Igor (002922): First-quarter results exceeded expectations, profitability continued to improve

華鑫證券 ·  May 6

1) Igor released its annual report and quarterly report. In 2023, the company achieved operating income of 3.63 billion yuan, a year-on-year increase of 29%, net profit of 209 million yuan, a year-on-year increase of 9%. The first quarter of 2024 achieved operating income of 774 million yuan, an increase of 21% over the previous year, and a net profit of 58 million yuan, an increase of 207% over the previous year.

2) The company issued stock options and restricted stock incentive plans. The conditions for unlocking performance are based on 2023. The revenue growth rates for 2024-2026 should not be less than 25%, 50%, and 80%, respectively, and net profit growth rates of not less than 30%, 60%, and 90%, respectively, after deducting non-recurring profit and loss.

Key points of investment

The new energy business is expanding, and profitability continues to increase

The company's gross margin reached 22.34% in 2023, up 2.26 pcts year on year. Among them, revenue from energy products reached 2.63 billion yuan, up 42% year on year, gross margin reached 21.05%, up 3.31 pct year on year, lighting products achieved revenue of 8.1 billion yuan, down 4.6% year on year, and gross margin reached 26.49%, up 1.75 pct year on year.

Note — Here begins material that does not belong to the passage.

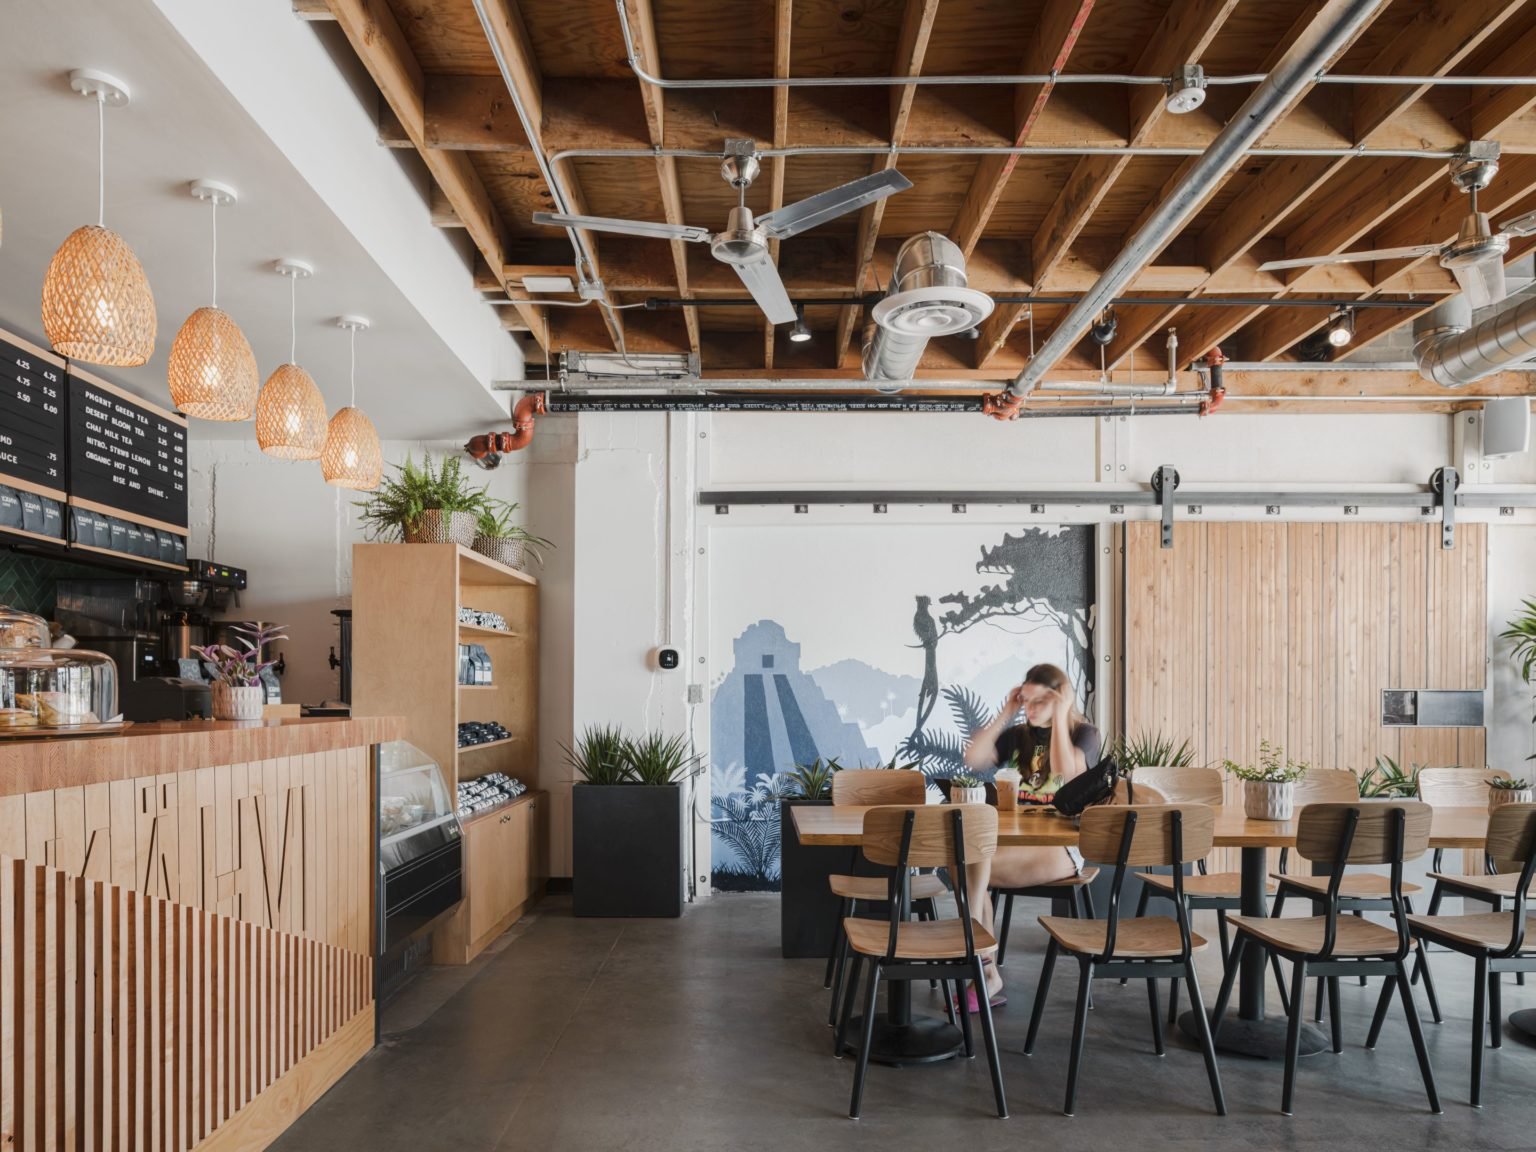 Kahvi Coffee Shop, Arizona - Coffee Shop/Delicatessen Interior Design on Love That Design

In the first quarter of 2024, the company's gross margin reached 24.2%, up 7.05pct year on year, and the net margin reached 7.88%, up 4.9pct year on year. The company's first oil-immersed power transformer digital factory was fully put into operation, the degree of automation of the original production line was continuously improved, and the continuous implementation of lean efficiency improvement projects promoted continuous improvement in production efficiency. Labor costs and manufacturing costs continued to decline as a share of revenue, and material costs declined due to falling prices of major raw materials.

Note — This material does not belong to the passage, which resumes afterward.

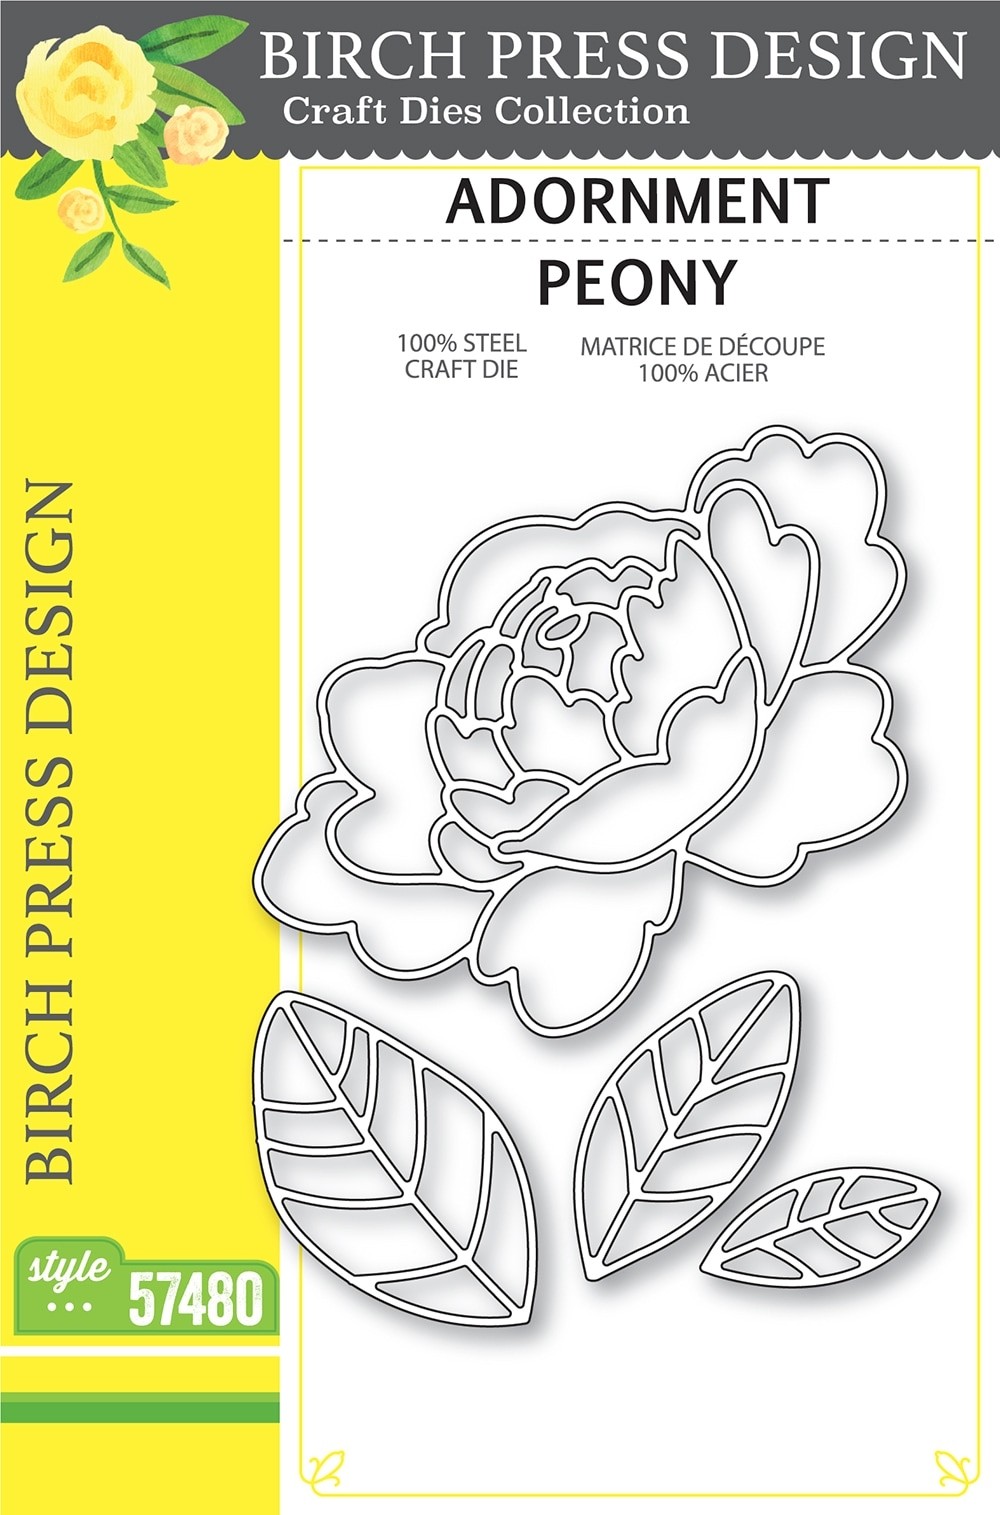 Birch Press Adornment Peony 57480

Seize the layout, domestic and overseas two-wheel drive

The company invested in the construction of a production base in Shouxian County, Anhui in 2023. The base continues to be built according to the high-efficiency digital factory model, and further iteratively upgraded on the basis of the original Jiangxi digital factory. The main construction was completed in 2023, and related machinery and equipment were delivered one after another. The project aims to be put into operation in the first half of 2024. Considering the strategic layout of globalization, the company planned a Mexican production base in 2023 to better promote the company's development of new customers in the North American market and enhance the stability and timeliness of the company's supply chain in the North American market. The base mainly plans to produce new energy products, and will use the successful experience of the company's domestic digital factory to build an integrated digital factory with a higher level of automation in Mexico.

Large space for incubating products

The company will continue to focus on the “2+X” strategic layout, based on energy products and lighting products, and also lay out new application fields such as vehicle power supplies, vehicle inductors, energy storage and charging piles. In 2023, the company's revenue from other products increased by 67.3611 million yuan year on year, up 54.04% year on year. The main thing is the gradual launch of incubation business products, effective progress in customer development, and the company has broad incubation business space, which is expected to become a new growth point for the company.

Profit forecasting

The company's revenue for 2024-2026 is 46.6, 58.3, and 6.97 billion yuan, respectively, and EPS is 0.87, 1.13, and 1.38 yuan, respectively. The current stock price corresponds to PE of 20, 16, and 13 times, respectively, maintaining a “buy” investment rating.

Risk warning

Transformer demand falls short of expectations; overseas business expansion falls short of expectations; risk of large fluctuations in raw materials; risk of lower equity incentive progress than expected; general market systemic risk.

The translation is provided by third-party software.